Братец ехидно посмотрел на меня и выдал:
- Ну от меня-то чего хочешь?
Он каждый раз задавал мене этот вопрос, и я жутко сердился на него... про себя, поскольку братец точно знал, что я сержусь и чего именно хочу. Правды, Истины, Сатори, чего же ещё? И чтобы войны не было.
Братец снова засмеялся.
- Дурак же ты, - сказал он и затушил сигарету. - Уже не в первый раз попадаешь в переплёт с игрой совпадений, в которую, кажется, с удовольствием включаешься, а всё задаёшь мне вопросы... на которые получаешь ответы сам. Давай посмотрим внимательнее, что именно случилось.
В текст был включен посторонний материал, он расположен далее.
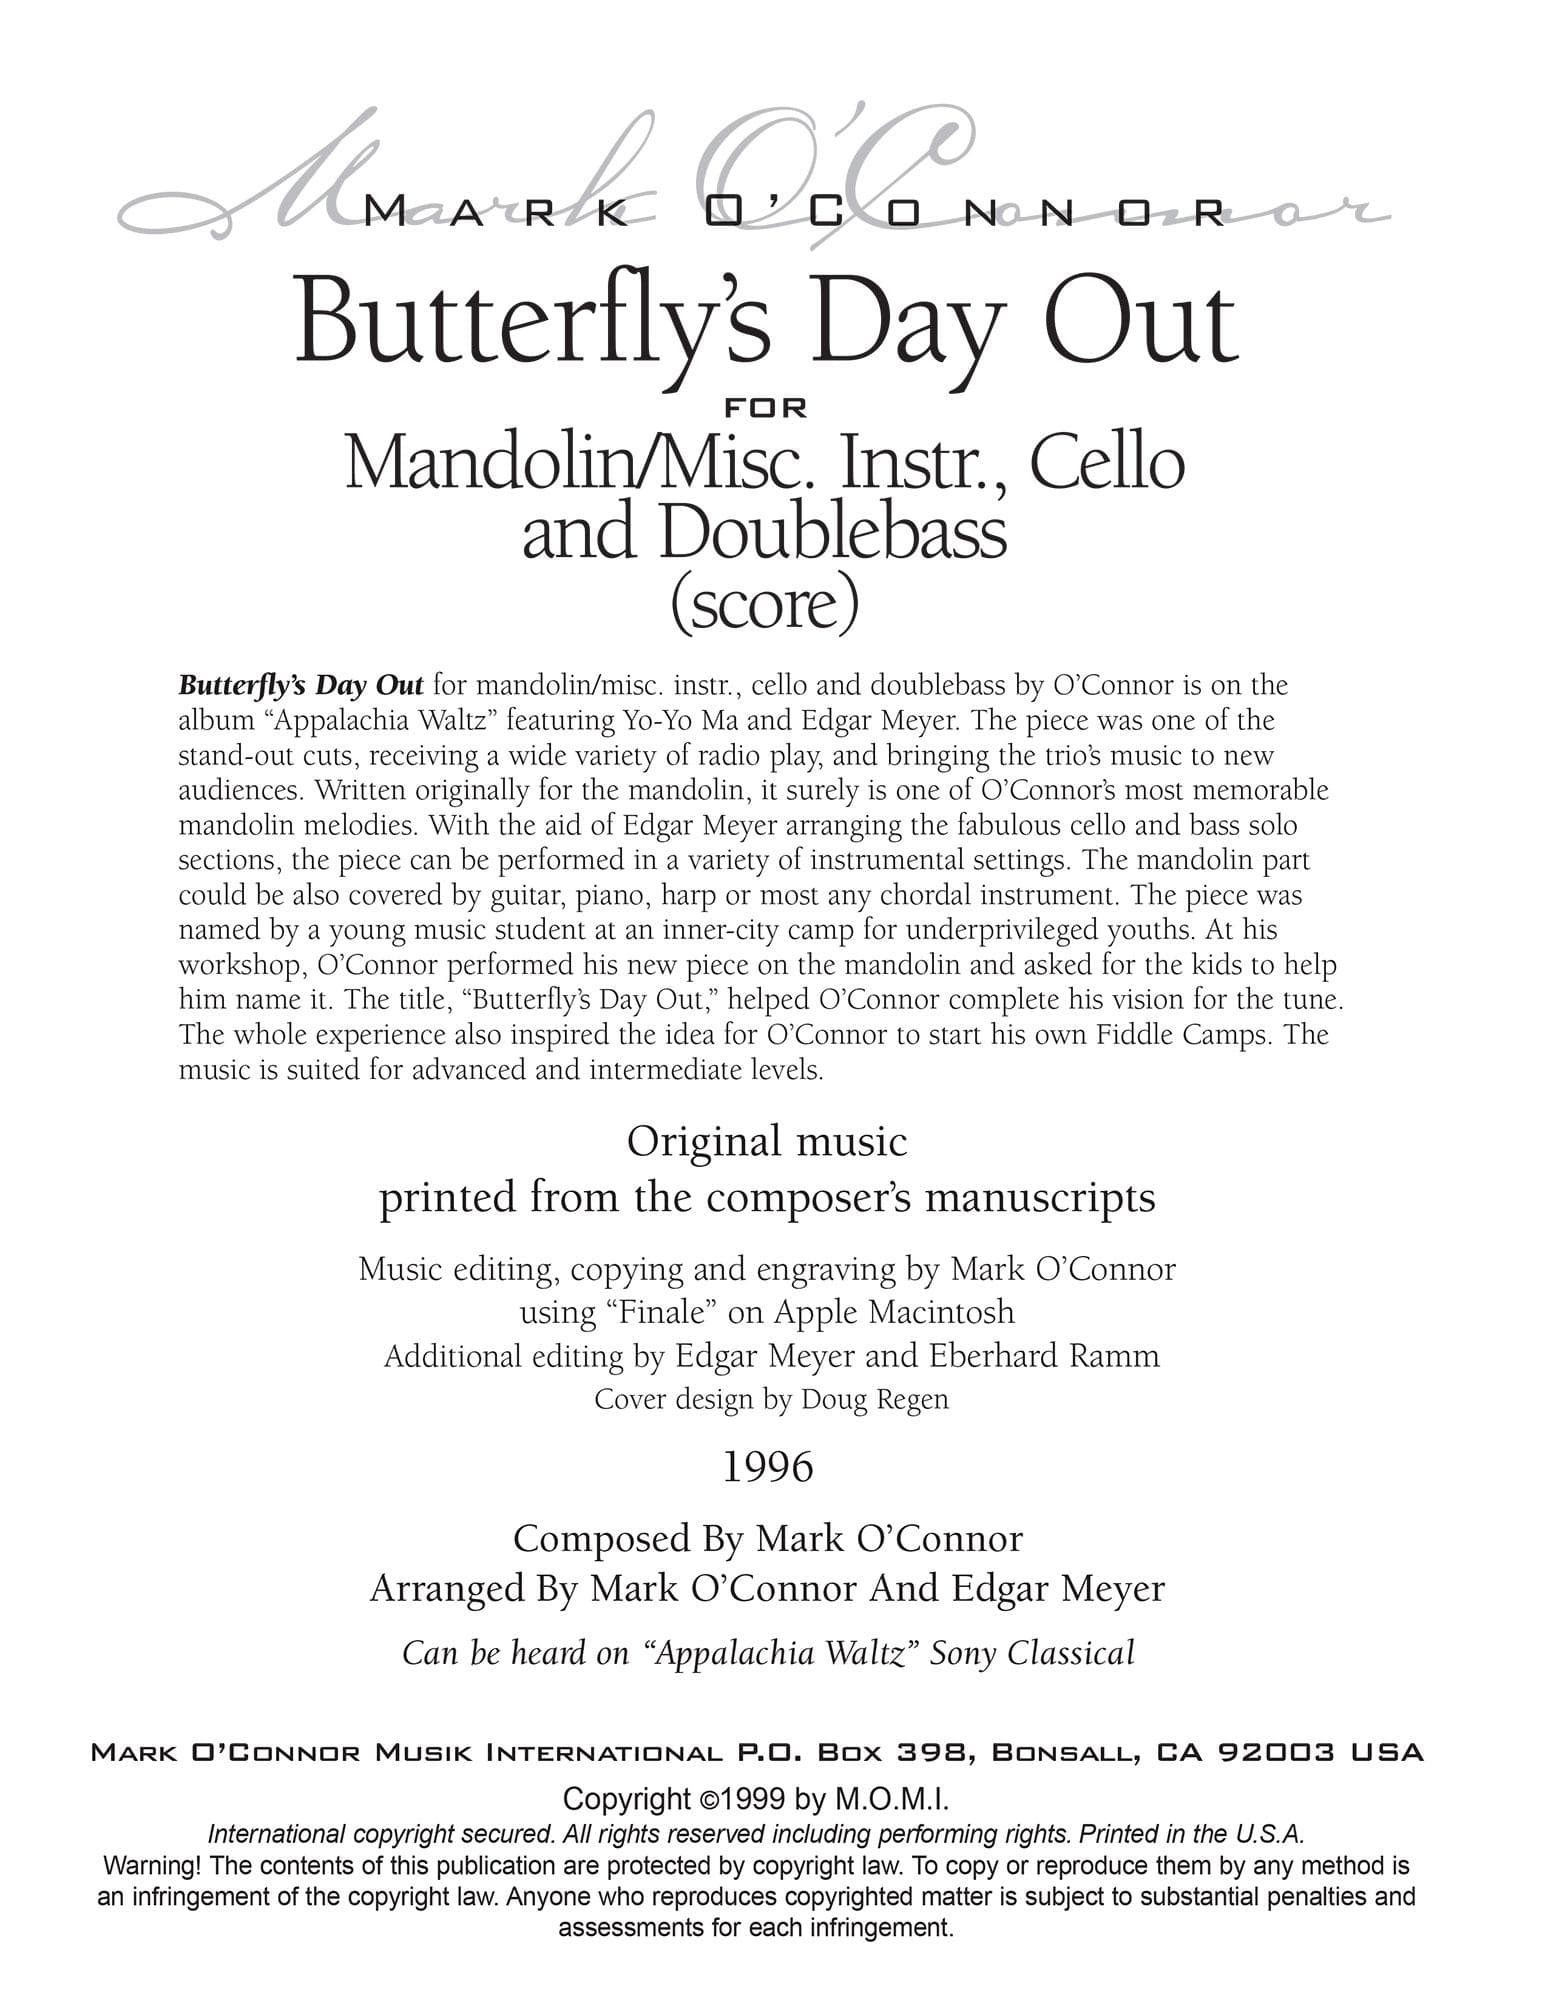 O'Connor, Mark - Butterfly's Day Out for Mandolin, Cello, and Bass - Score - Digital Download

Что случилось-то?
- Много совпадений, героями которых являются собаки.
- Угу... собаки. Ну так шёл бы спрашивать у собак, чего к мне-то припёрся? Если герои - собаки, то, значит, пускай они разбираются с совпадениями. Ты-то здесь при чём?
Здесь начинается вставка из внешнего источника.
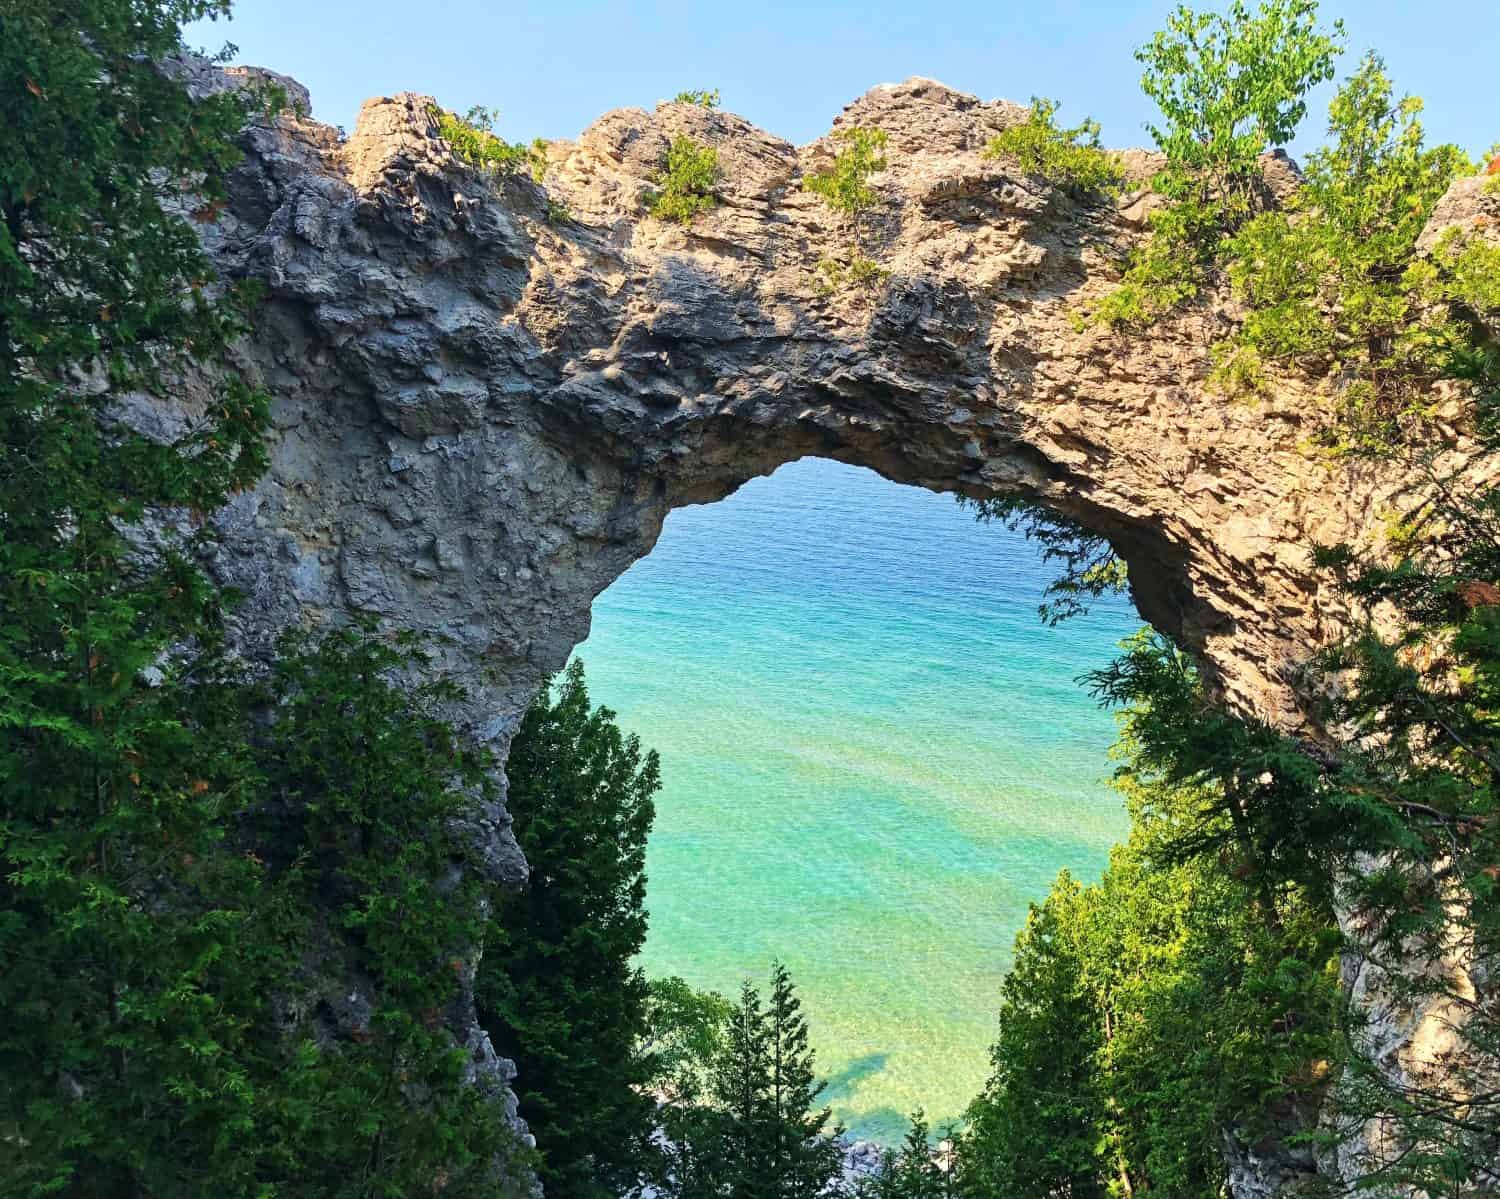 "Millennium's Arch" - Arch Rock in Mackinac Island State Park is a natural limestone formation. Taken in the beginning of summer, this declares a scenic view of Lake Huron through the Arch.

- Но... - попытался возразить я.
Братец ругнулся. Я замолчал.
- Персонаж здесь ты. По-другому быть не может, и давай успокоимся на этом. - попросил Никодим. - Теперь о совпадениях.
Совпадений не бывает. Ты думаешь, что какие-то соответствия называются совпадениями, однако они - именно соответствия. Как латинское "а" соответствует "а" русскому или какому-нибудь... африканскому. Не что-то совпадает, а ты живёшь каким-то таким образом, что к тебе стекаются схожие элементы. Типа, притягиваешь их. - Никодим ухмыльнулся - К тому же сам подыгрываешь. Иначе, зачем ты проспект-то сотворил? Братец затушил сигарету, - вот, блин, прикладную метафизику тебе глаголю, словно наставник какой-то. Сэнсей хренов.
- Собак притягиваю? - хмыкнул я.
- Не веришь? Почему пёсик тебя хотел укусить?
- Потому что больше вокруг никого не было, - кто другой бы шёл, его бы кусал. В шесть утра мало кто ходит, вот он и...
- Я думаю, он бы на тебя прыгнул, если бы вокруг даже тысяча людей была. - Отрезал братец.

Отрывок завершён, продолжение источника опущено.